2. The device of claim 1 wherein the control mechanism controls
flow rate;
3. A method for securing a bone plate to bone comprising: (a)
applying an absorbable adhesive polymer material in a in flow able
state to the bone; (b) positioning the bone plate (c) holding the
bone plate in place while the adhesive hardens.
4. A method of securing two or more fragments of bone together
comprising: (a) applying an absorbable adhesive polymer to a first
bone fragment; (b) contacting a second bone fragment to said first
bone fragment; (c) holding said bone fragments together until the
absorbable adhesive polymer hardens.
Description
[0001] This application claims priority from U.S. Provisional
Patent Application Ser. No. 61/170,327, filed on Apr. 17, 2009,
entitled Absorbable Bone Adhesive Applicator, whose disclosure is
hereby incorporated by reference in its entirety.
BACKGROUND
[0002] Surgical repairs of bone tissue and reattachment and closure
of bone in cranial surgeries requires approximation and fixation
and of bone tissue most often by means of mechanical fastening
systems such as screws and plates. Often the surgery presents
particular challenges to the practitioner due to tissue conditions,
limited space, and access of the surgical site. To overcome the
challenges presented in surgery many of surgical methods, tools and
materials have been developed to overcome these issues. In addition
many of the bones are presented in a manner that makes it difficult
or prevents mechanical fixation due to a lack of tissue surface
area or tissue substrate depth to afford a adequate secure location
for the device.
[0003] In addition, standard mechanical attachment in the context
of bone repairs includes a series of labor intensive and sometimes
complicated tasks that are required to complete the repair.
Although some of the mechanical products offered today have helped
to simplify this procedure, the mechanical attachments are still
often time consuming, bulky and cumbersome.
[0004] Furthermore, the type, weight and amount of material used in
plating are other sources of concern. It is preferred by the
surgical community to use materials that compatible with tissue and
be absorbable. Many of the existing mechanical systems are metal
and non-resorbable. The material used in the instant invention and
the associated methods and devices overcome may of the shortcomings
of mechanical fixation of bone described above.
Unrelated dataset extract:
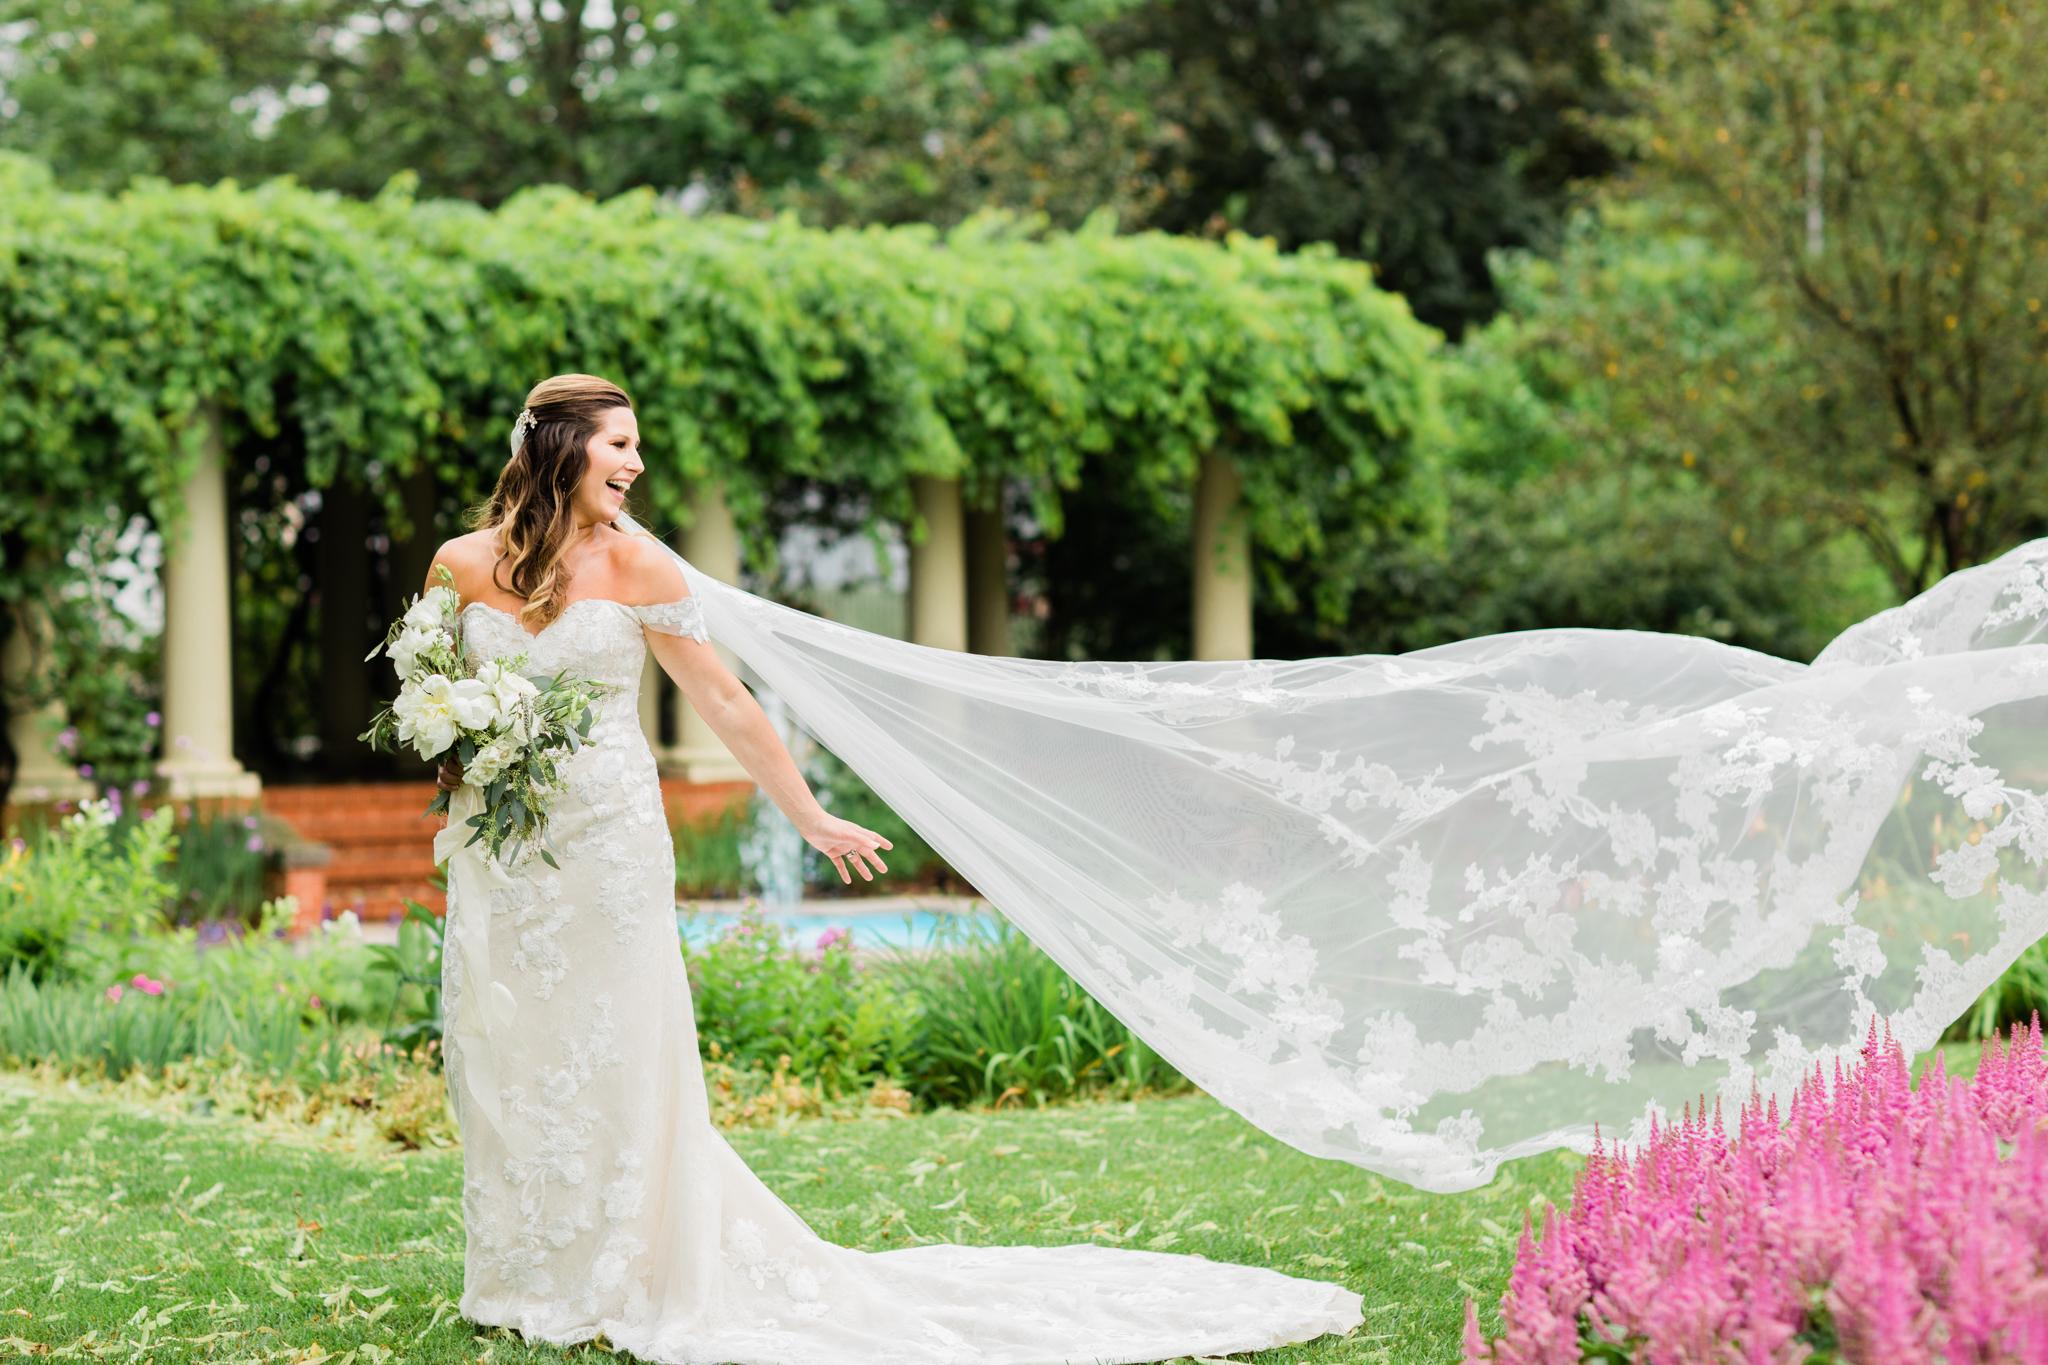 35-Katrina-Kyle-Jefferson-Inn-Wisconsin-Bride-James-Stokes-Photography.jpg

[0005] What is needed therefore is a method and apparatus for
dispensing a biocompatible lightweight plastic material that is
absorbable. The amount of material can be reduced by not having
overlapping redundant structures for fixing the bone. Such a method
and apparatus would eliminate many of the surgical steps required
to place mechanical fixation devices. In particular drilling,
tapping of the tissue substrate and threading or placement of
fixation pin or screw would no longer be necessary.
SUMMARY OF THE INVENTION
[0006] The instant invention provides of a novel method for
repairing bone defects using a polymer blend as well as apparatus
for performing such a method. The method includes dispensing a
polymer blend either directly on the bone tissue as the fixation
means; or secondly in combination with a bone plate, the polymer
acting as an adhesive. The polymer blend can include any number of
polymer blends but is preferably the polymer bend(s) described in
co-pending patent application U.S. patent application Ser. No.
11/787,076 entitled: Novel Biodegradable Bone Plates And Bonding
Systems, which is hereby incorporated by reference in its entirety.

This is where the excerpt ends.